**RECORDS TO PROCESS:**
= Beginning of Section =

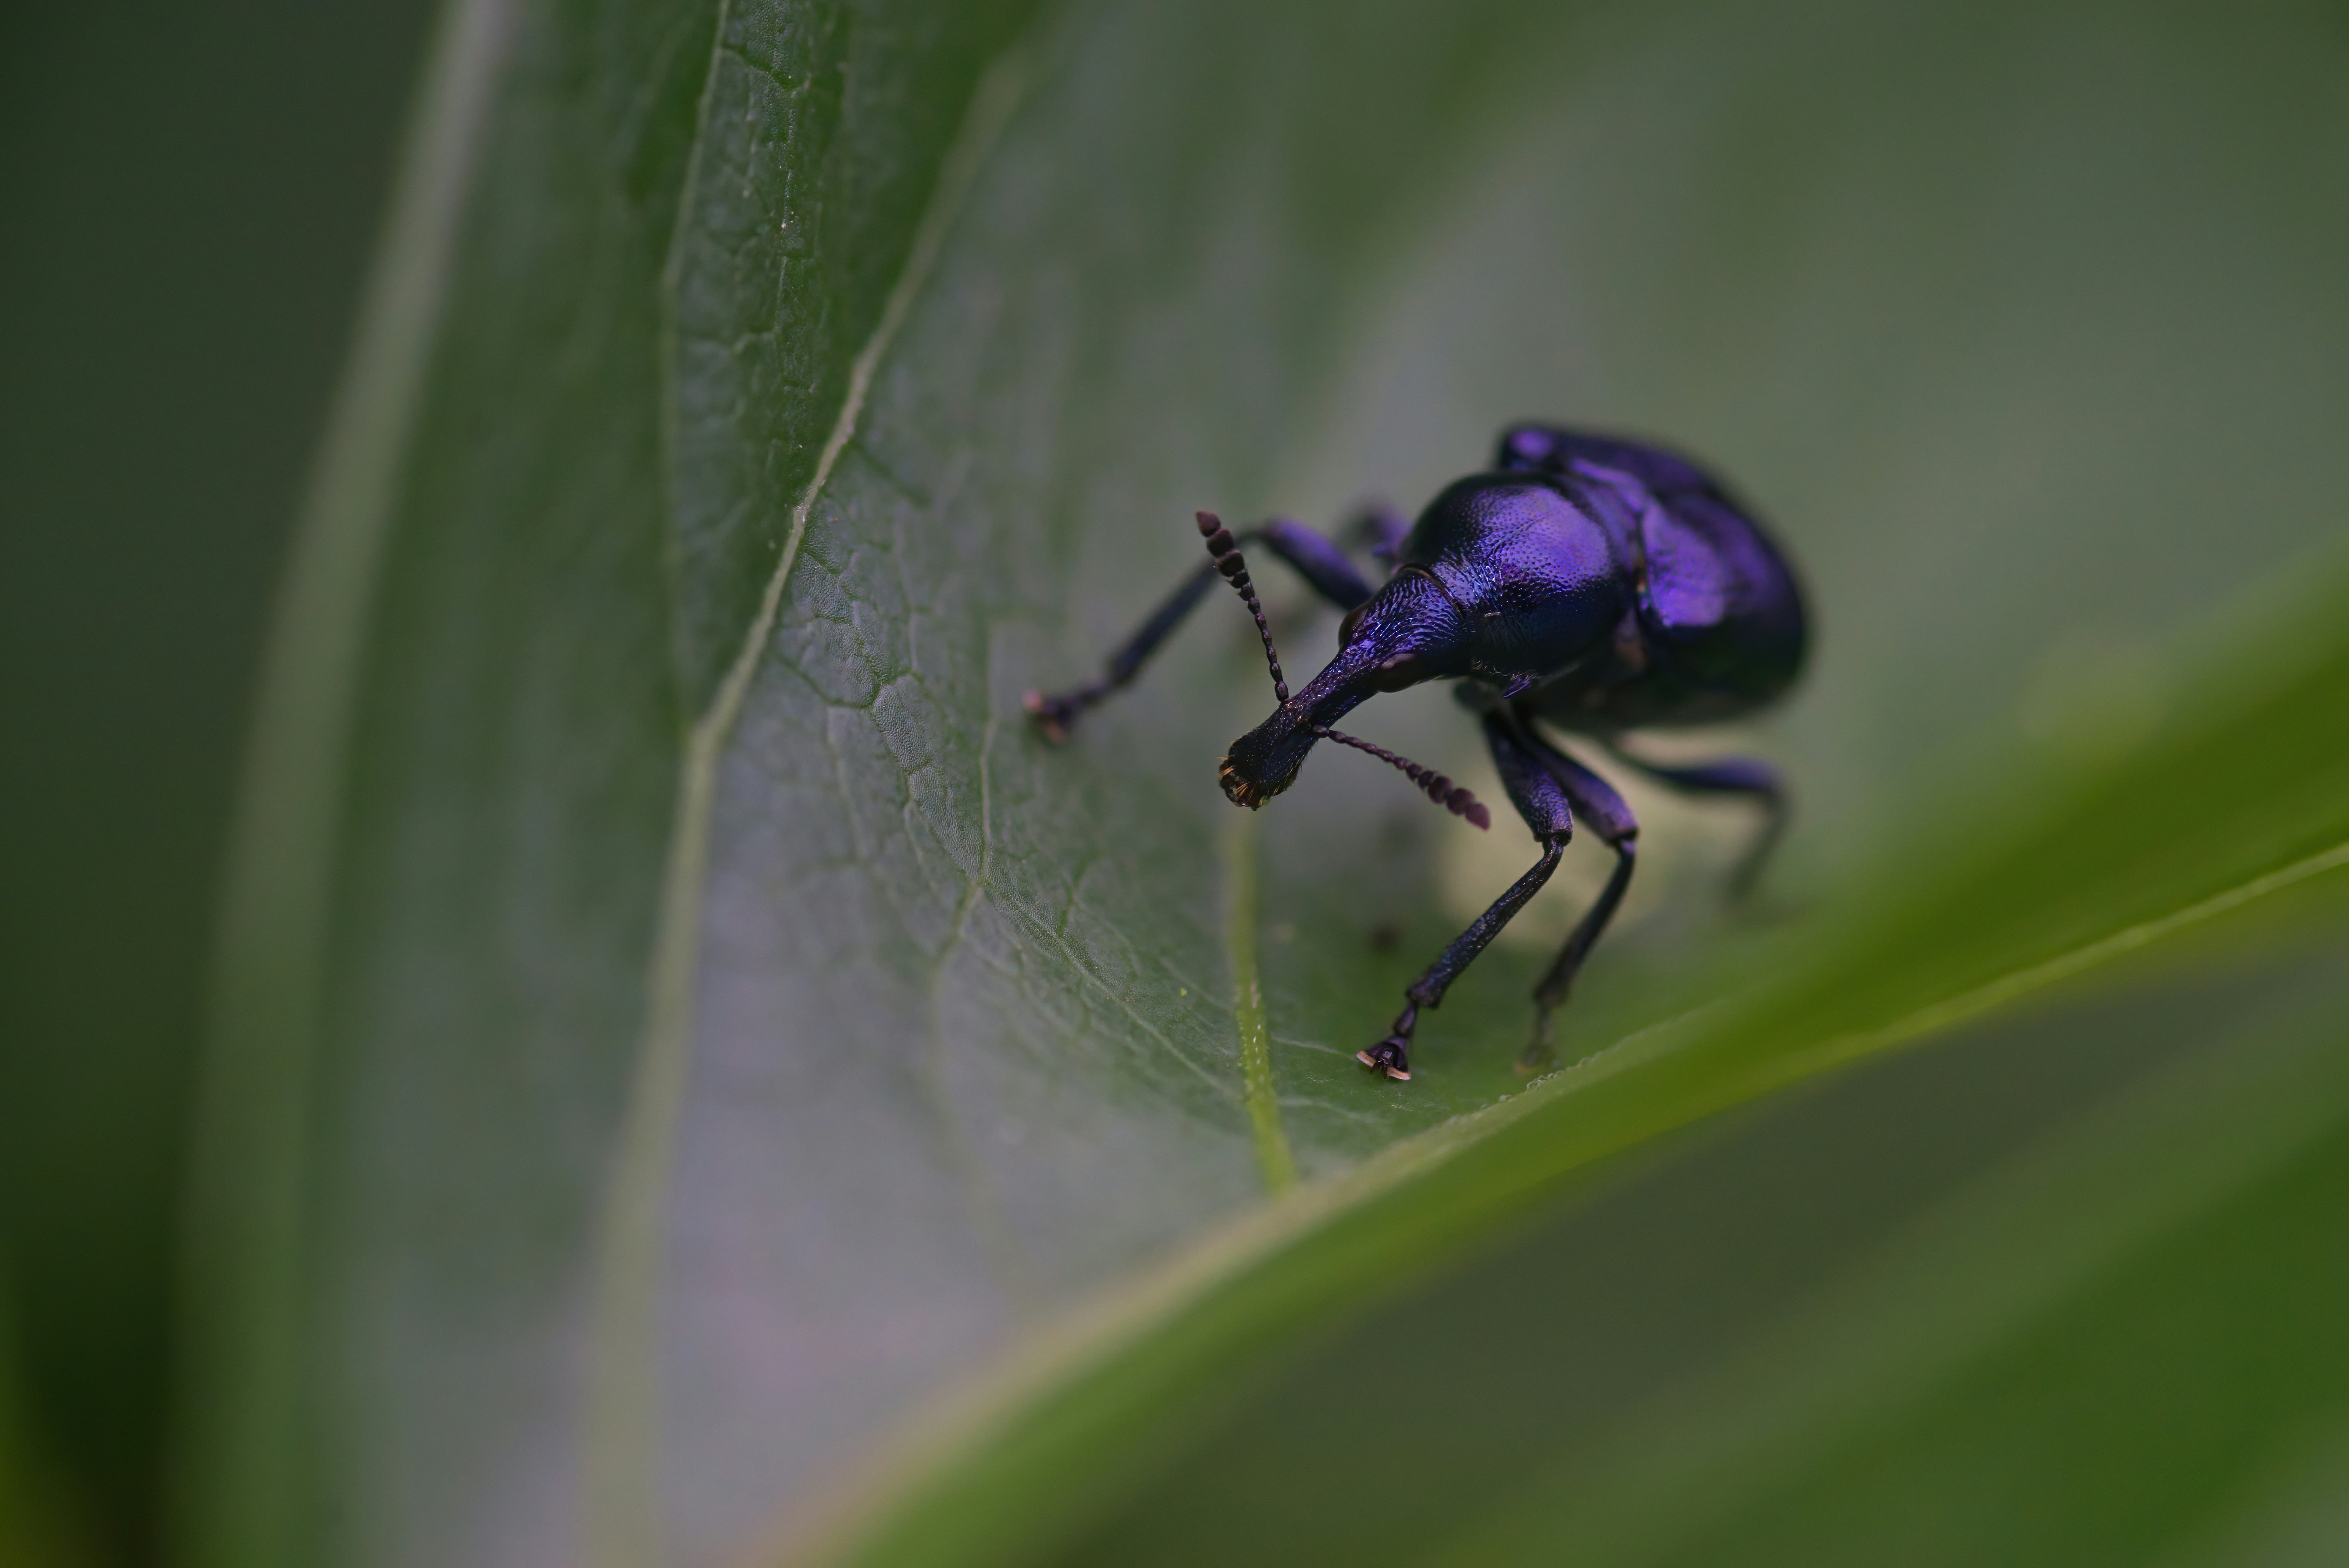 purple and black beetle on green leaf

= End of Section =
= Beginning of Section =

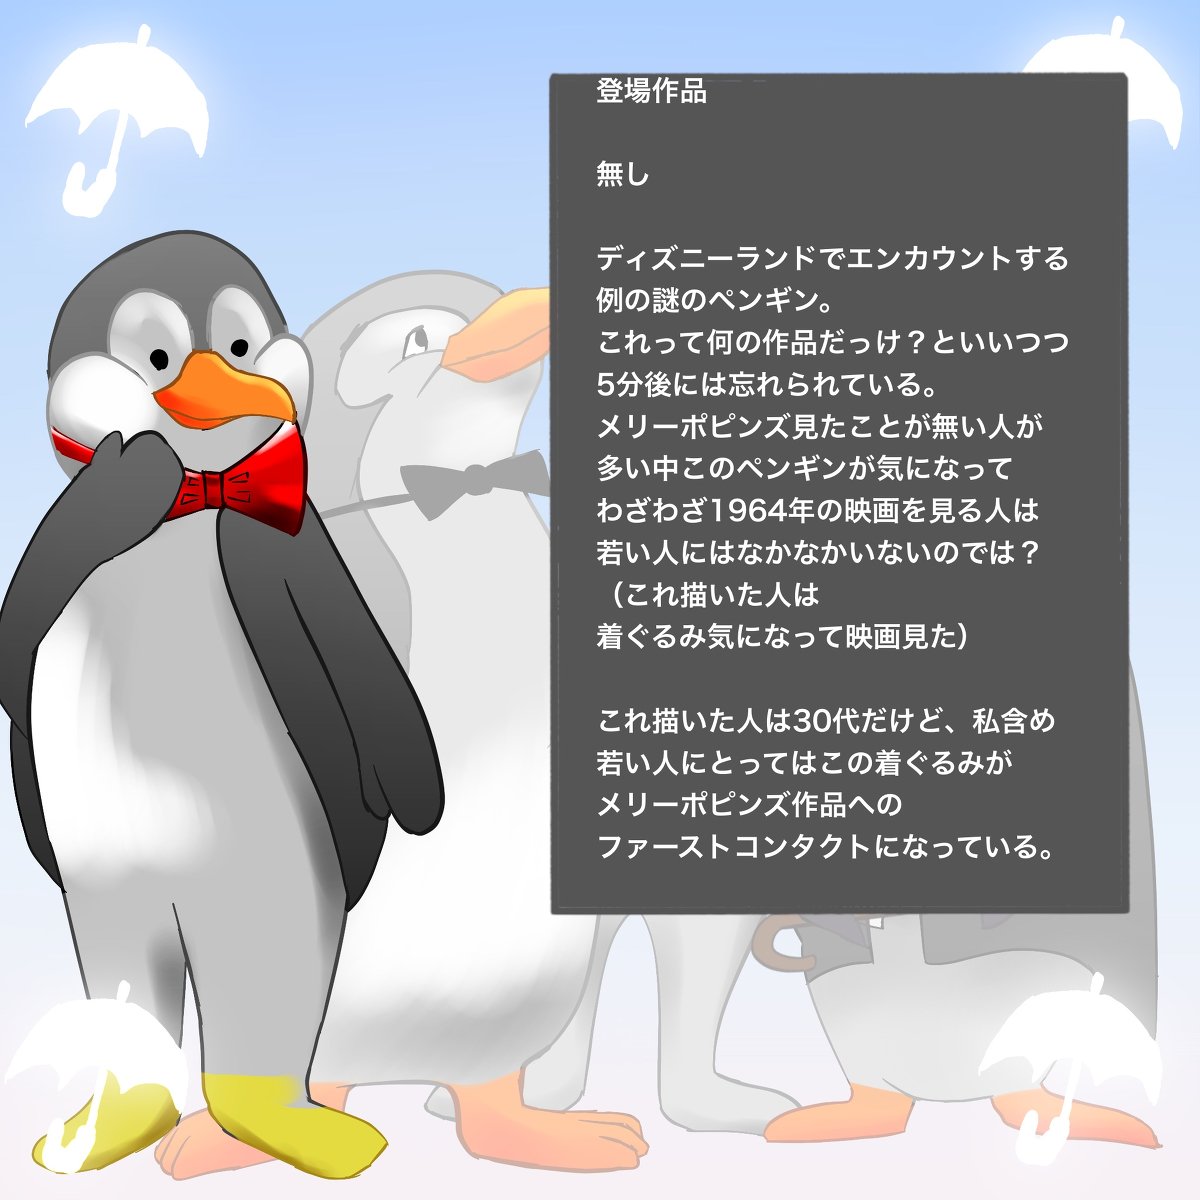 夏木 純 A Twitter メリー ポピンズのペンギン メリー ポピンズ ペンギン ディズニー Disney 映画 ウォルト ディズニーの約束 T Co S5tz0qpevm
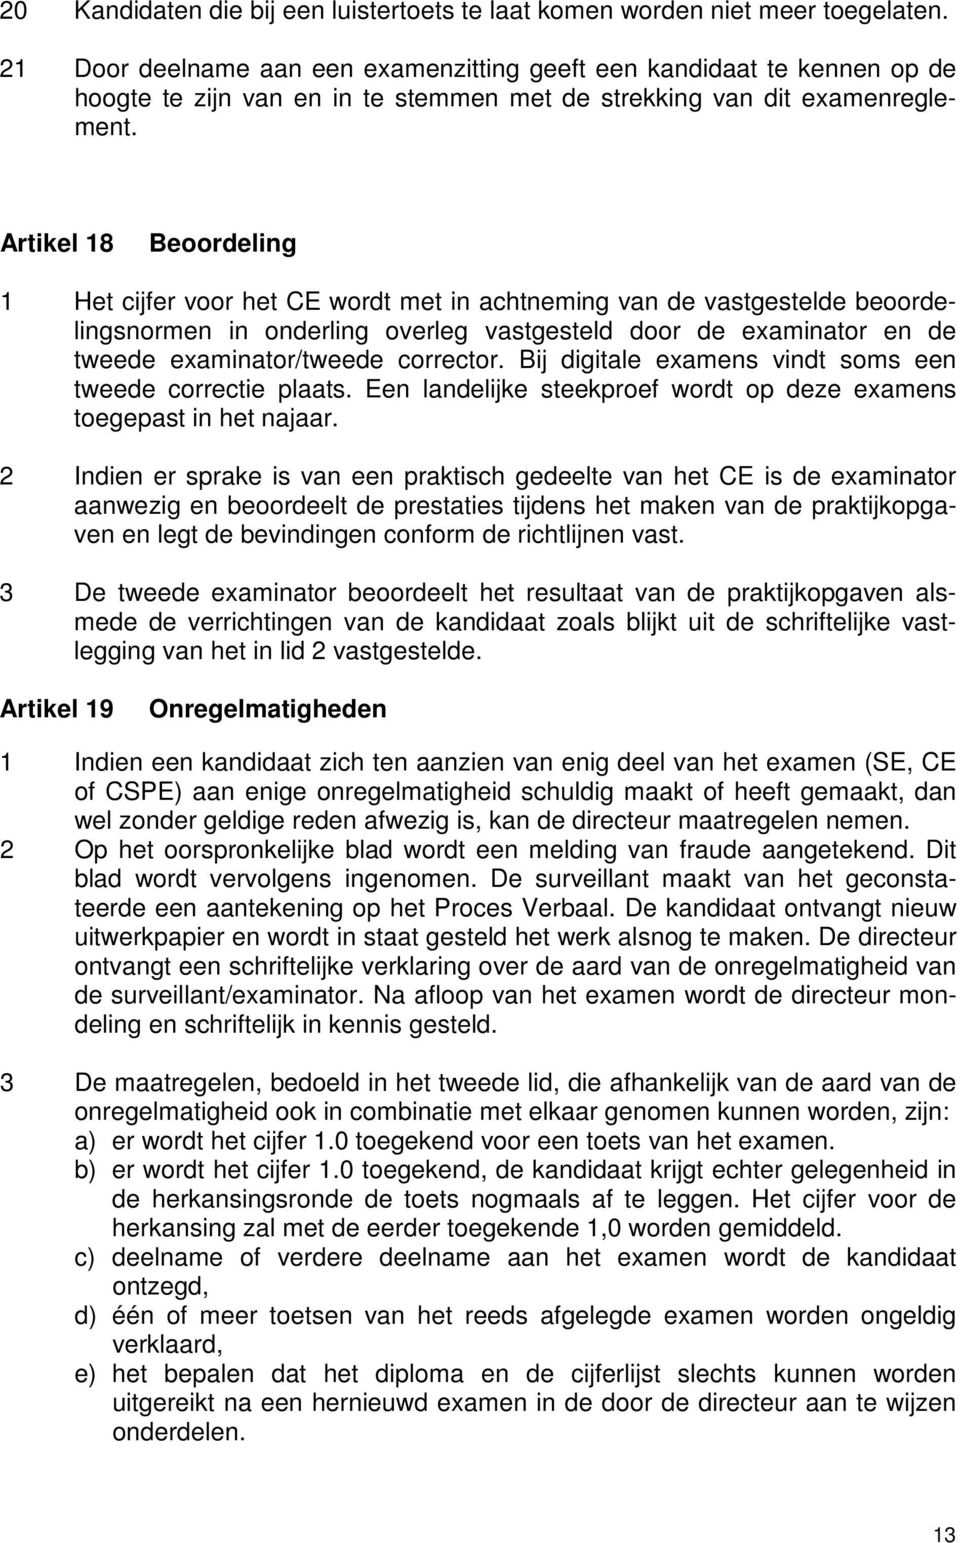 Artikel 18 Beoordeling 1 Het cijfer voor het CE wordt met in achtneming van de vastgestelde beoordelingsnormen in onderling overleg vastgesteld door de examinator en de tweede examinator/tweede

= End of Section =

Reproduce, word for word, only the lines in the records above from the line with "夏木 純 A Twitter" through the line with "Artikel 18 Beoordeling", including both ends; omit the pictures.

 夏木 純 A Twitter メリー ポピンズのペンギン メリー ポピンズ ペンギン ディズニー Disney 映画 ウォルト ディズニーの約束 T Co S5tz0qpevm
 Artikel 18 Beoordeling 1 Het cijfer voor het CE wordt met in achtneming van de vastgestelde beoordelingsnormen in onderling overleg vastgesteld door de examinator en de tweede examinator/tweede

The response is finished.